((

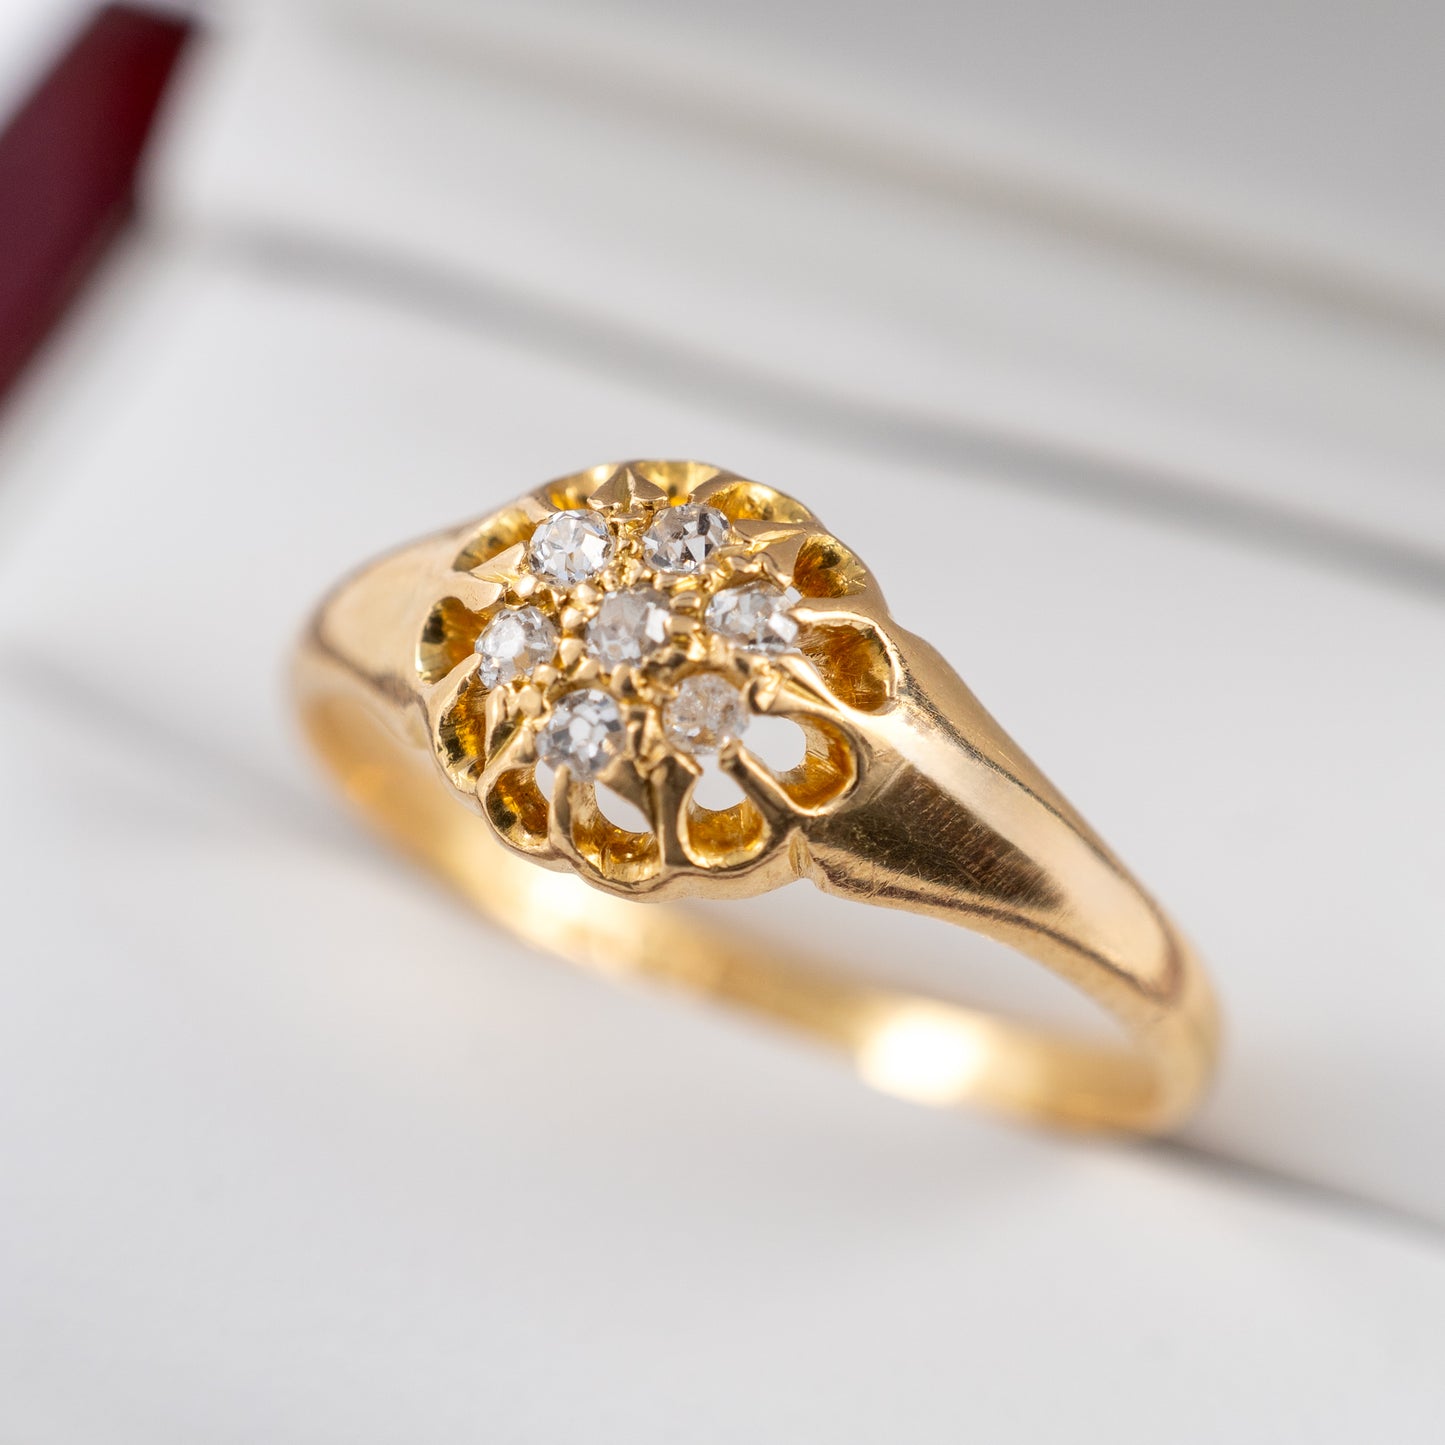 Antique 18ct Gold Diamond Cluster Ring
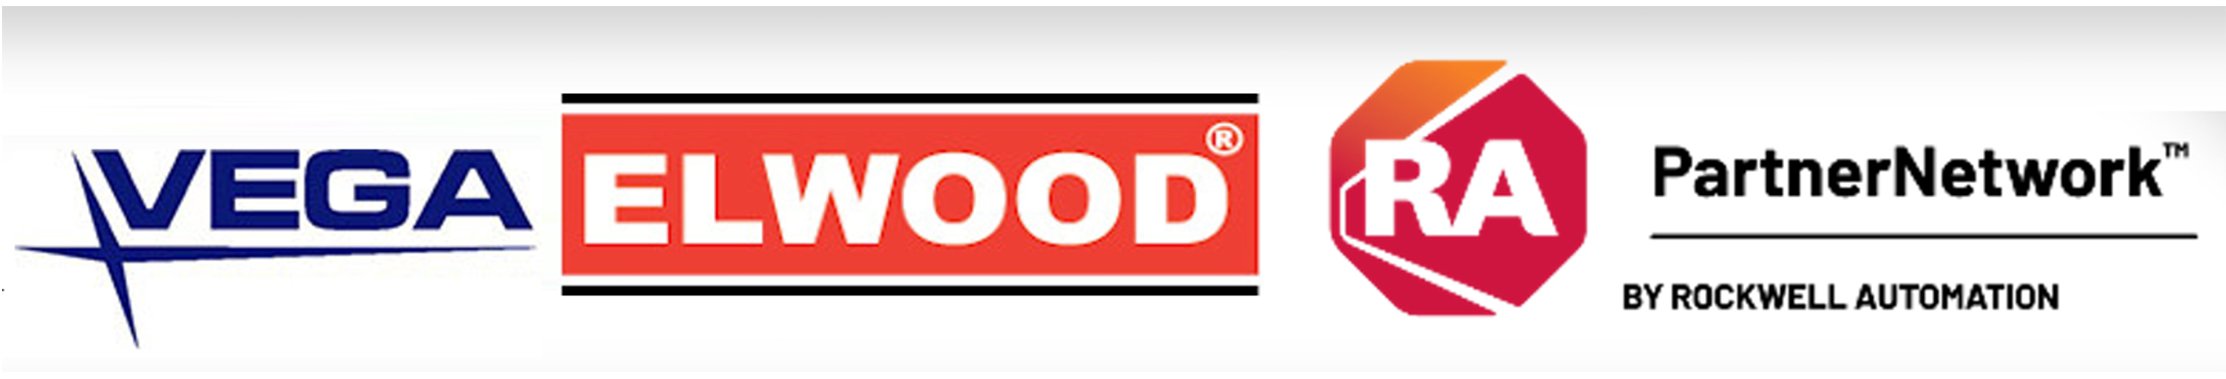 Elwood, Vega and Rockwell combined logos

))
((

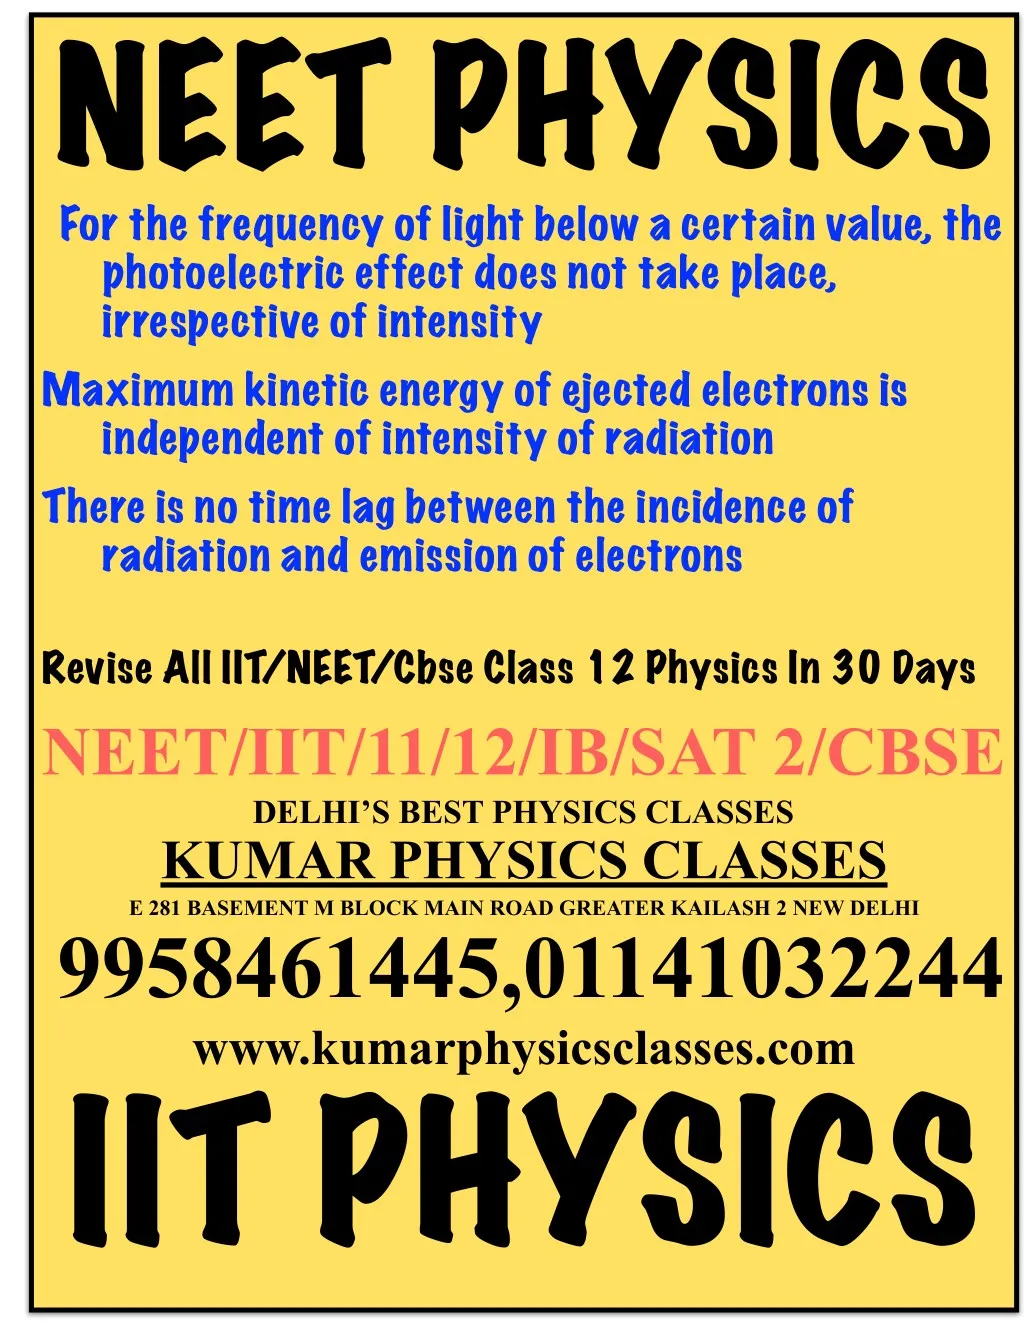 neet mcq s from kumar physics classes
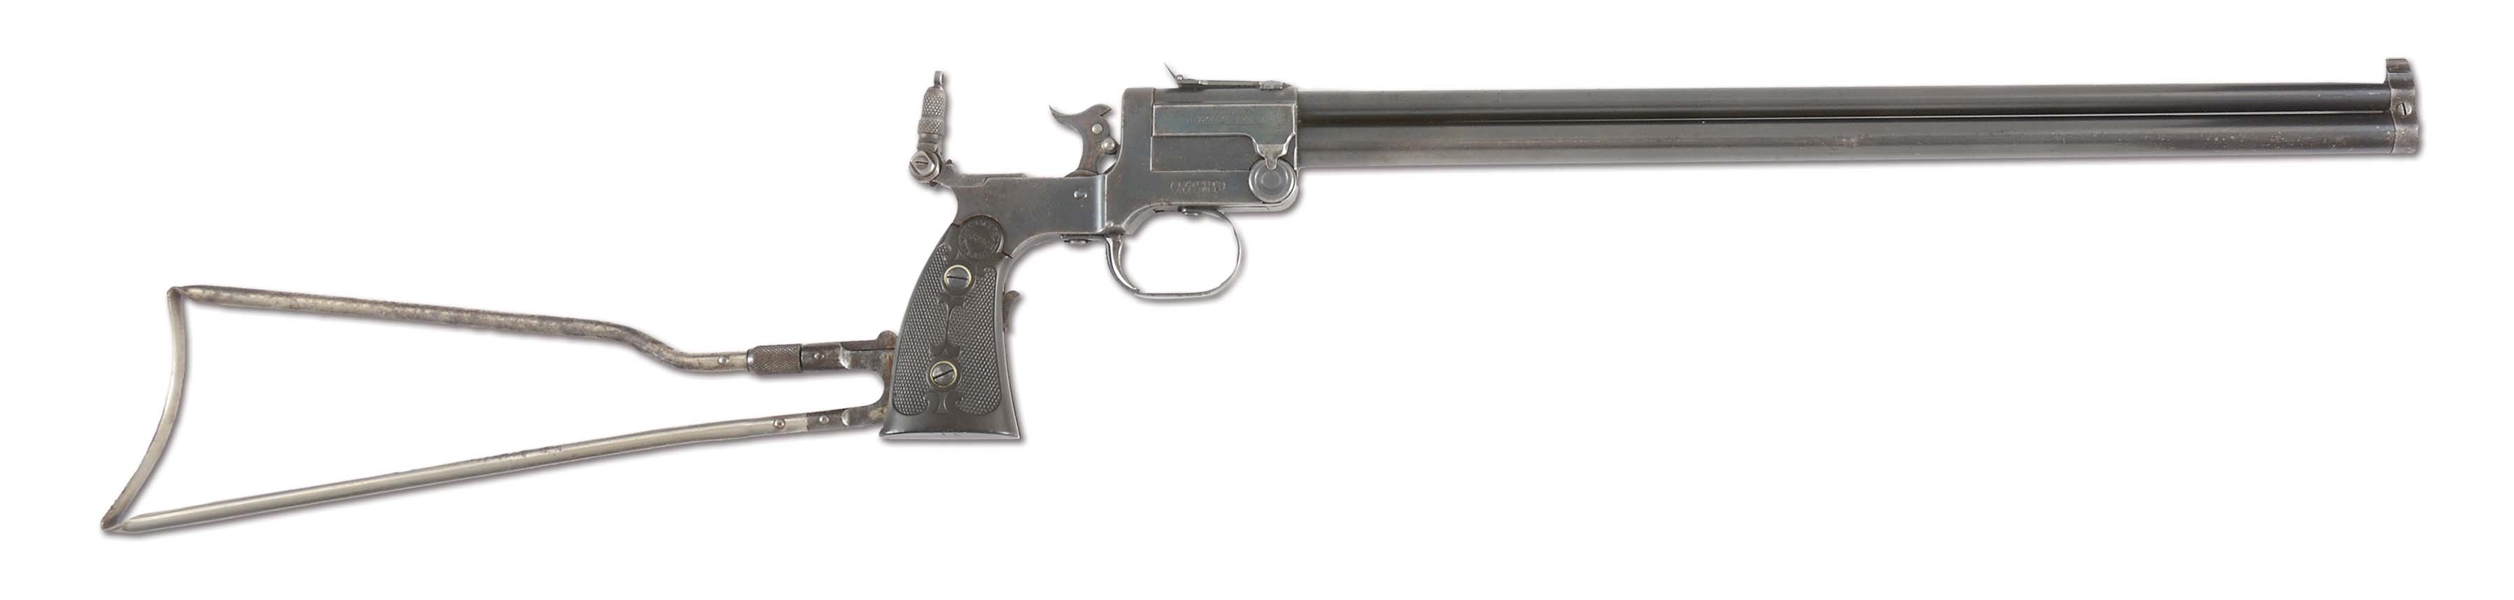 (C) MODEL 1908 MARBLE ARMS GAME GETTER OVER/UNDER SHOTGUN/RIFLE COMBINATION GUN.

))
((

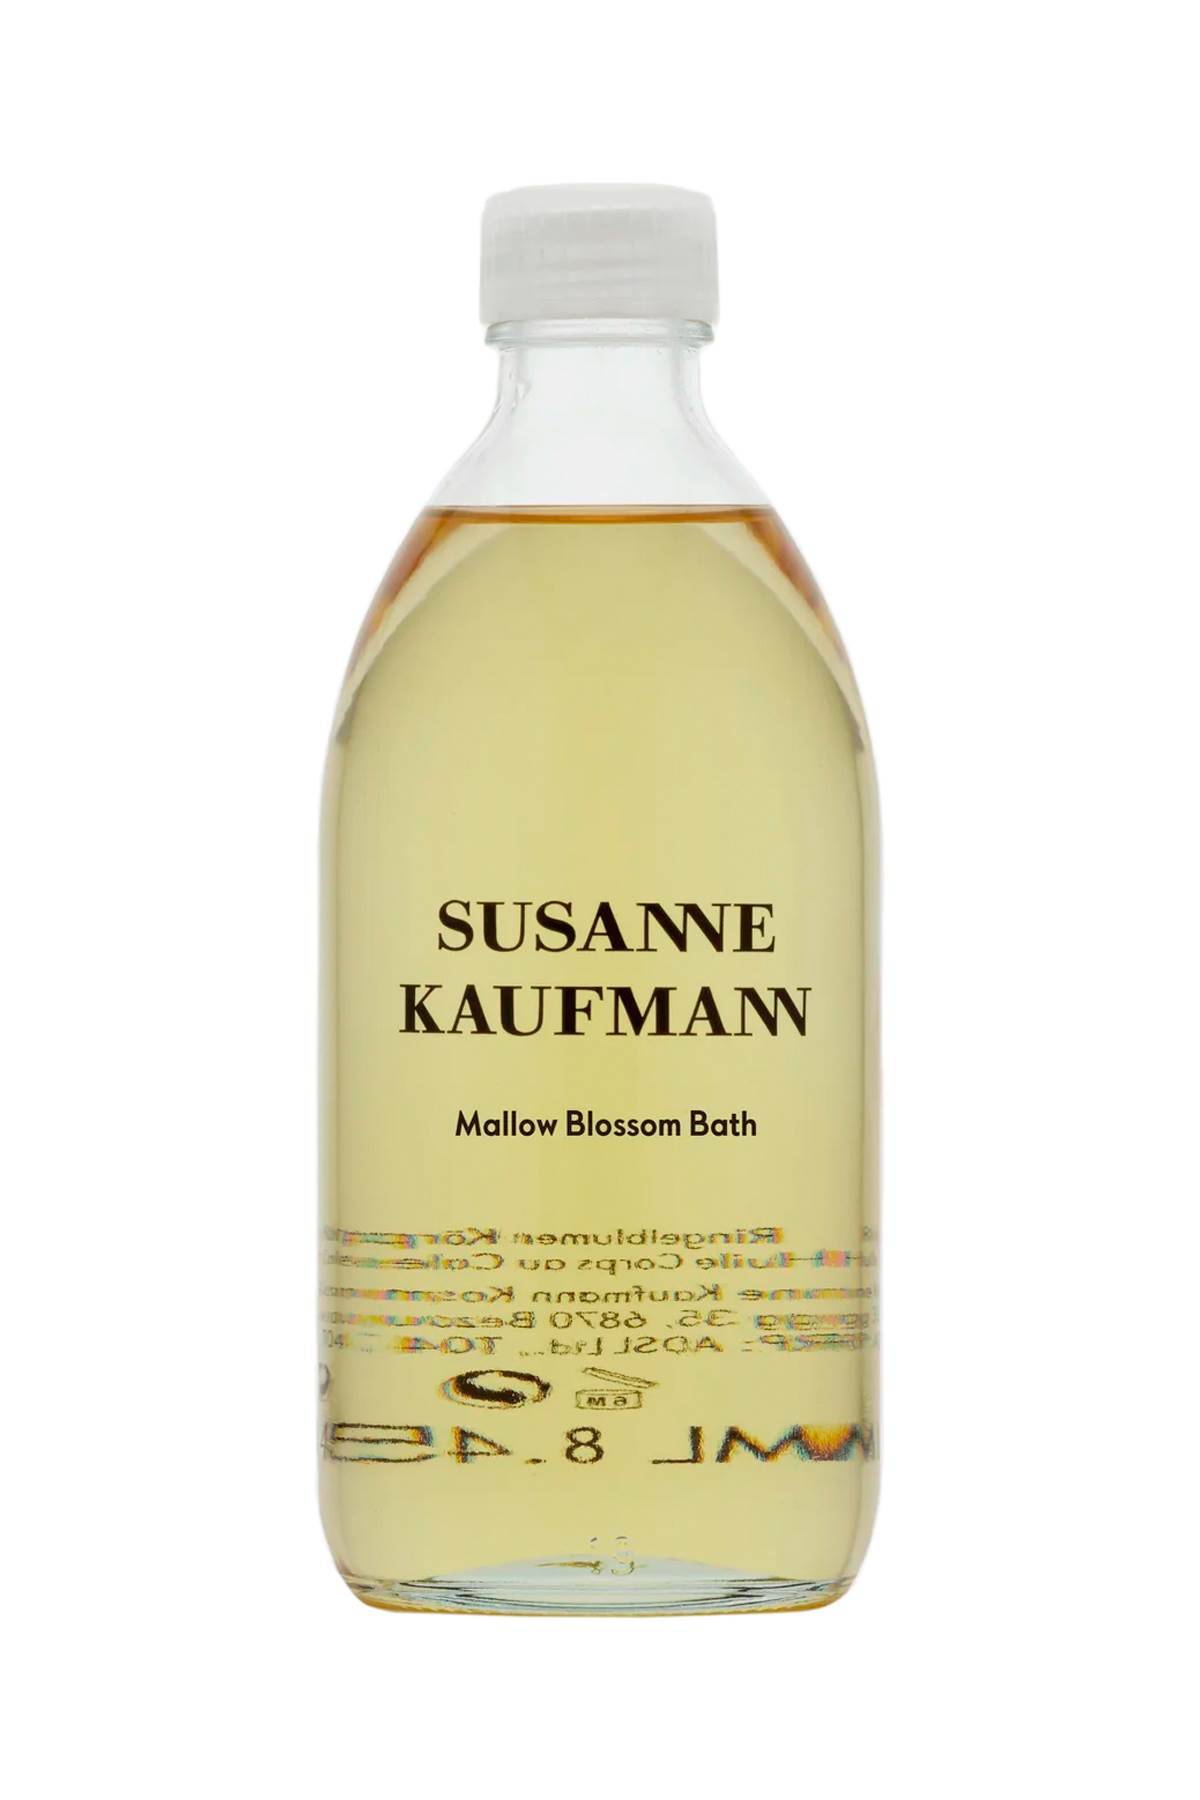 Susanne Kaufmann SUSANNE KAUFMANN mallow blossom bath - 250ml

))

**WHAT THE TASK REQUIRES**
The answer should consist only of the lines above from the one with "Antique 18ct Gold Diamond Cluster Ring" through the one with "Elwood, Vega and Rockwell combined logos", repeated exactly, with no pictures among them.

**ANSWER TO THIS PROBLEM**
 Antique 18ct Gold Diamond Cluster Ring
 Elwood, Vega and Rockwell combined logos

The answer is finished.